Start of Given material
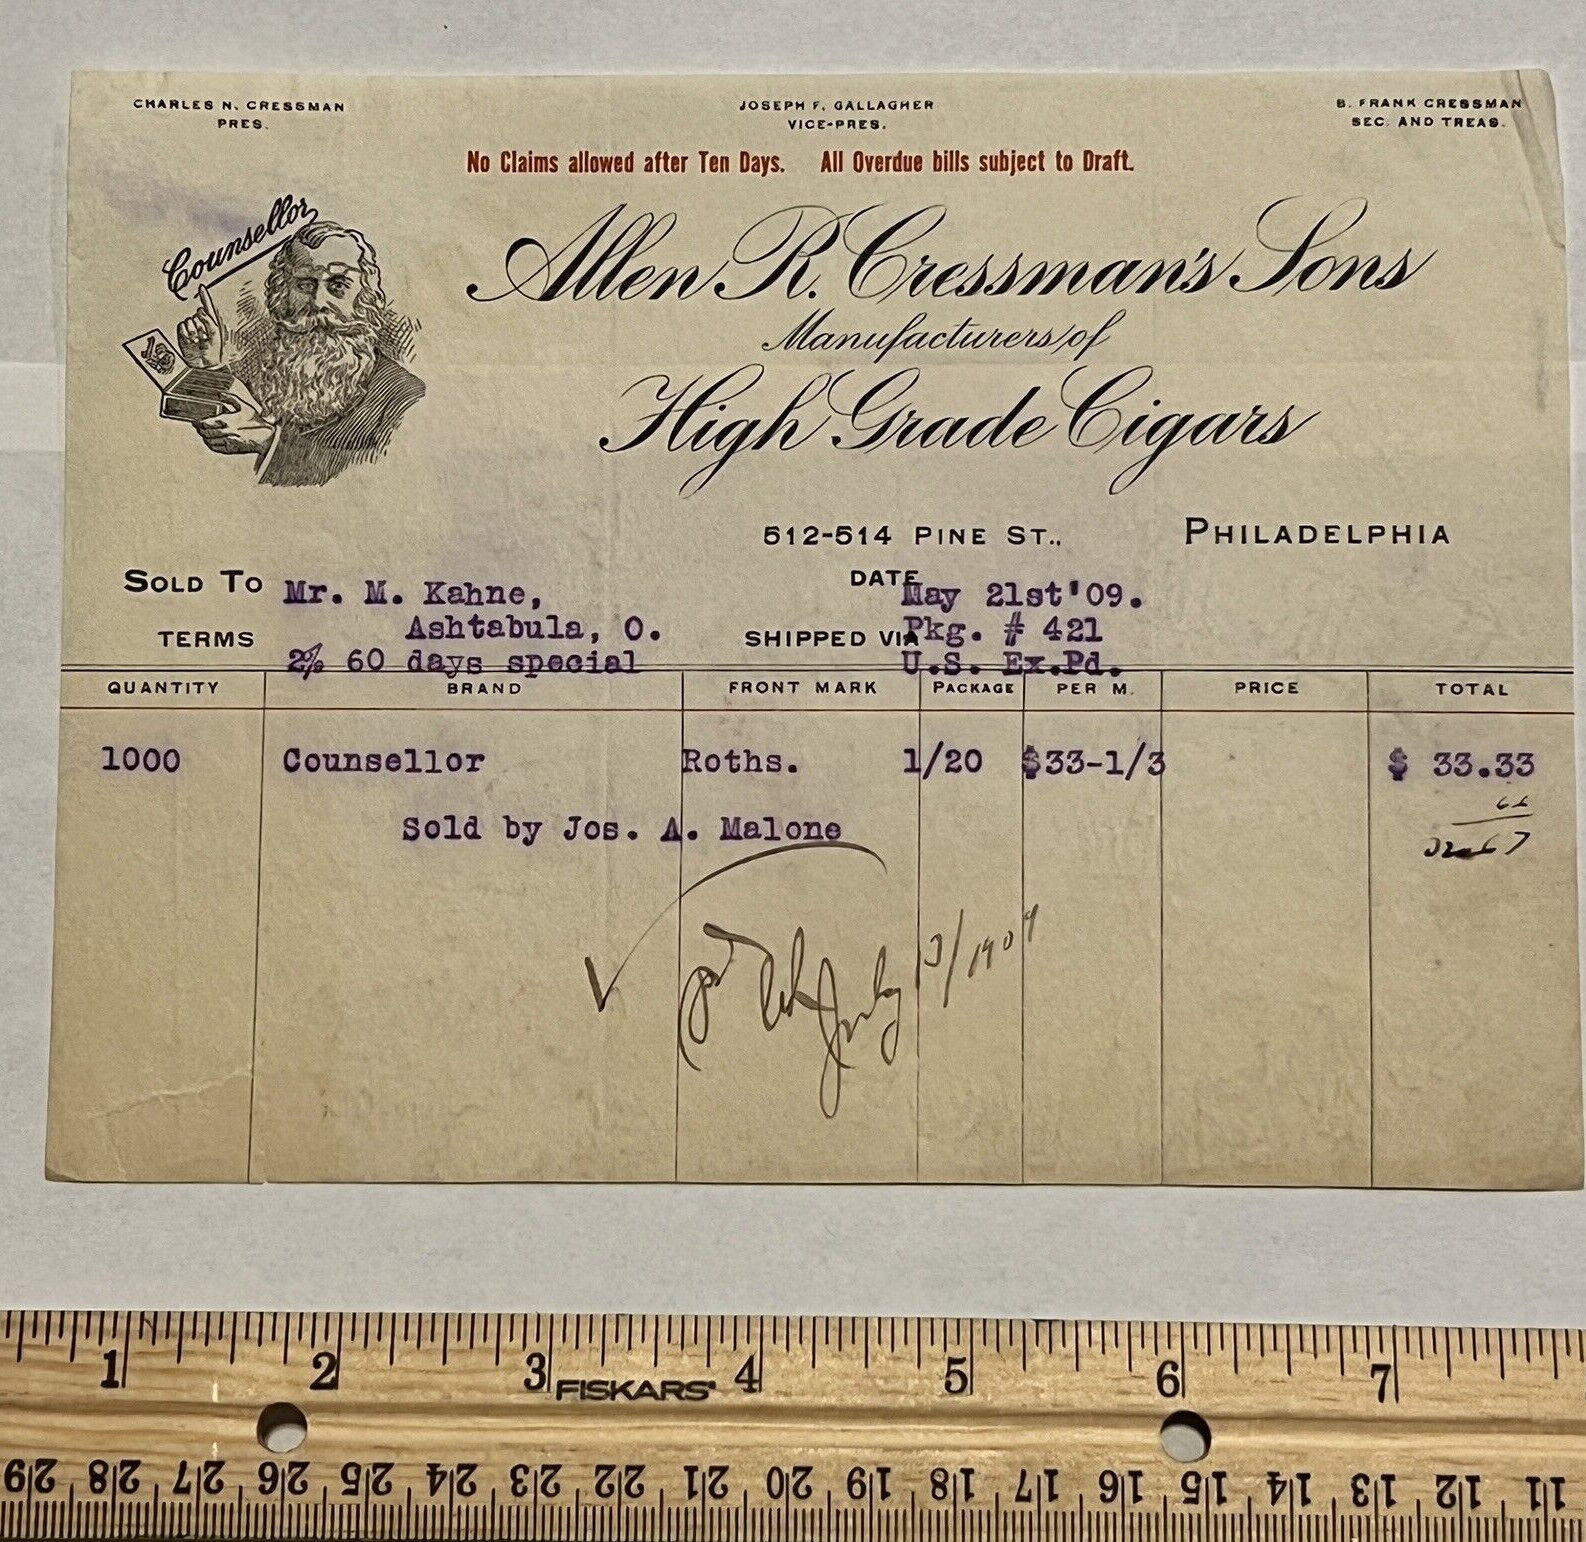 1909 ALLEN R. CRESSMAN\'S SONS HIGH GRADE CIGARS RECEIPT FOR COUNSELLOR CIGARS
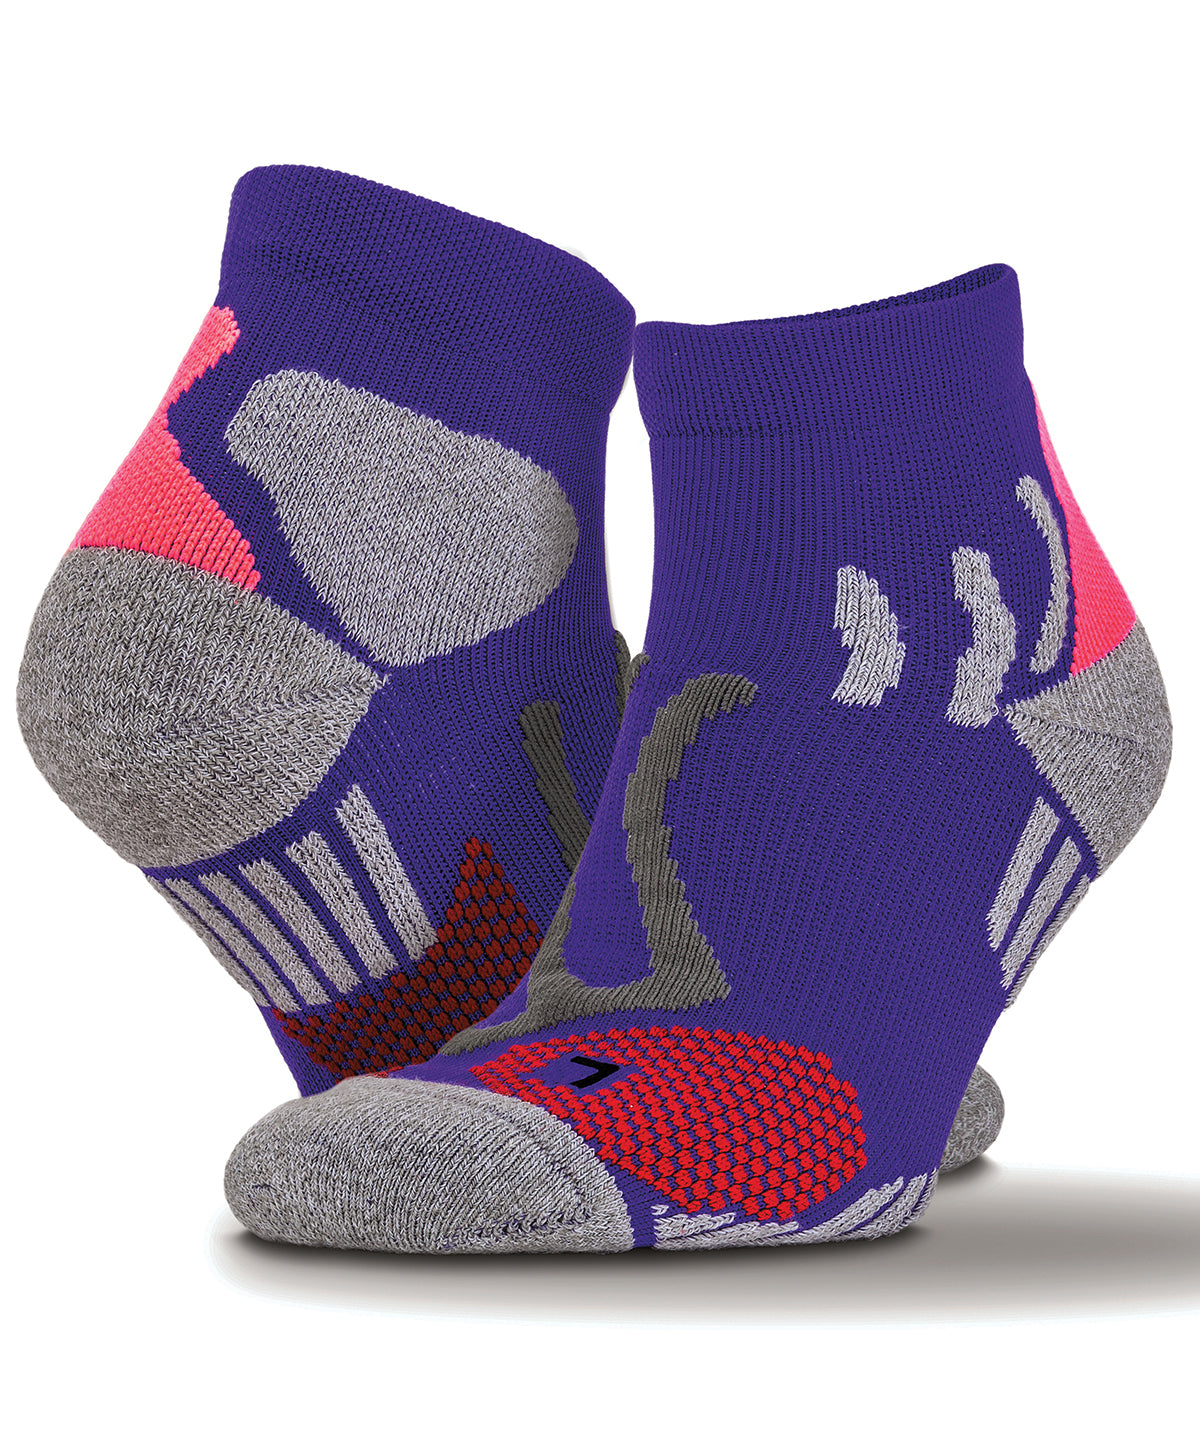 Sokkar - Technical Compression Sports Socks
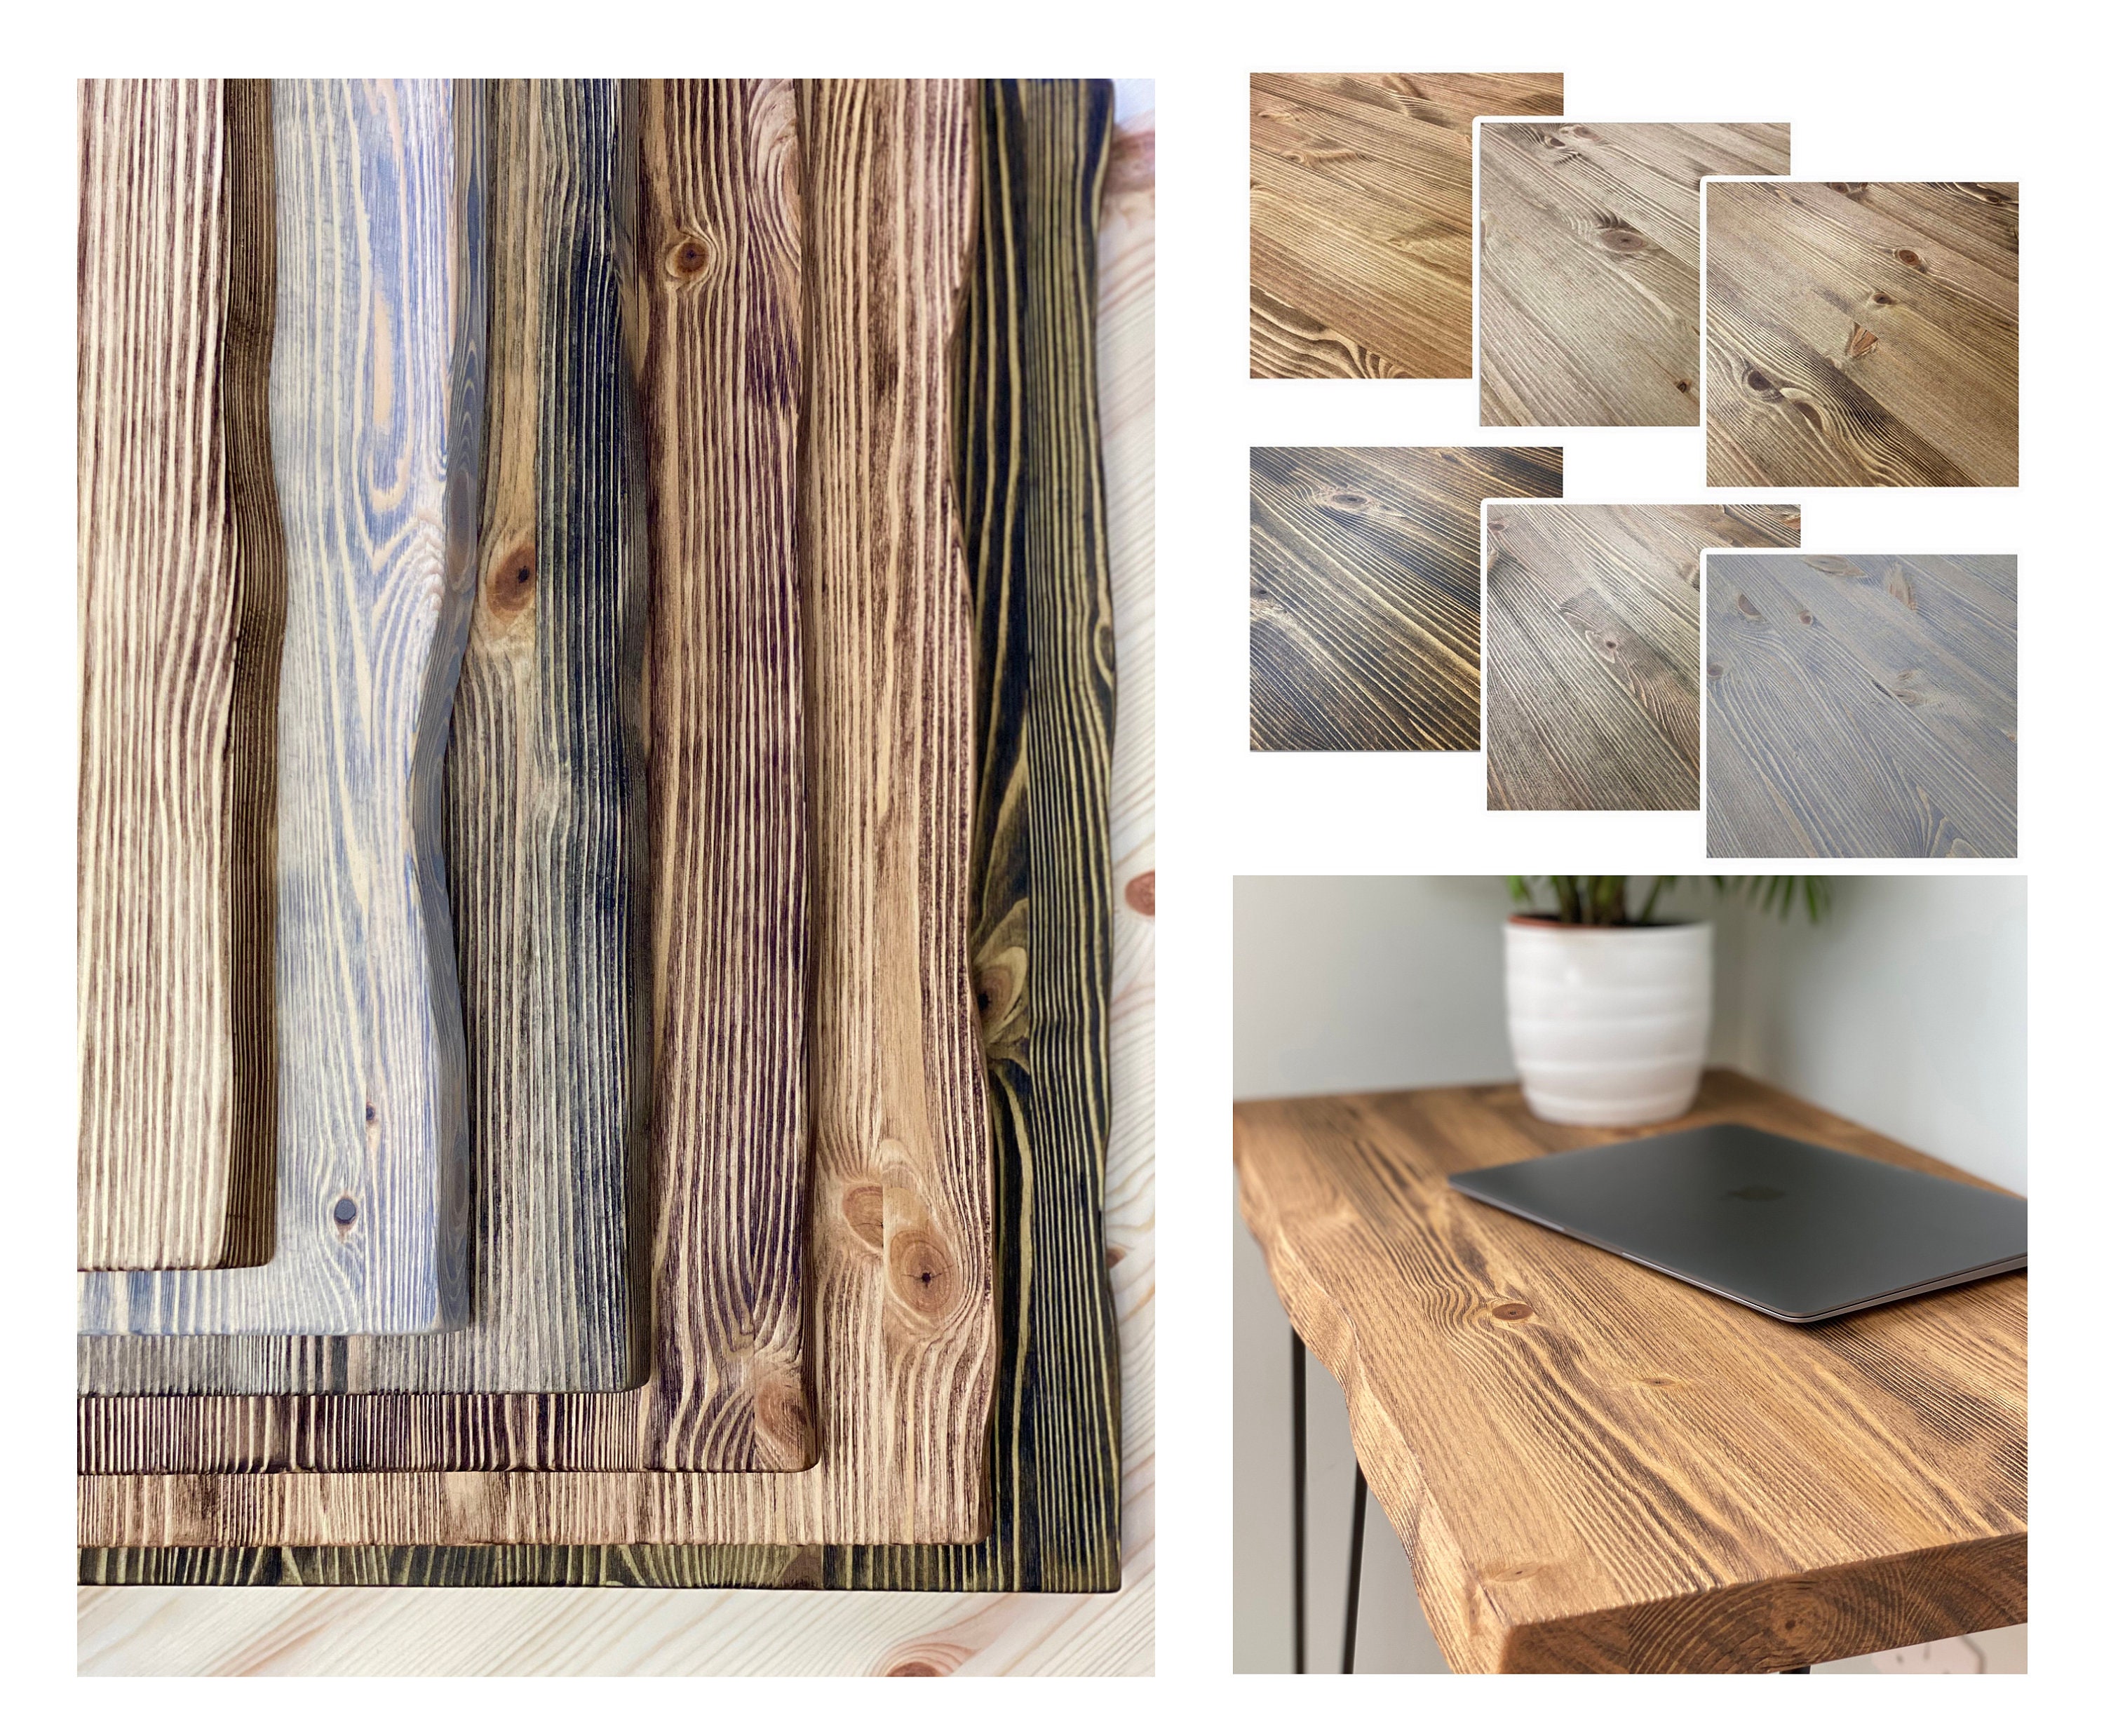 Tablero de madera de pino para mesa comedor 160x80 cm, gran grosor de 3,5 cm
End of Given material
When you reach the line containing "Sokkar - Technical Compression Sports Socks" in the listing above, reproduce it and every line after it through the last, exactly; omit the pictures.

■ Result for this exercise
 Sokkar - Technical Compression Sports Socks
 Tablero de madera de pino para mesa comedor 160x80 cm, gran grosor de 3,5 cm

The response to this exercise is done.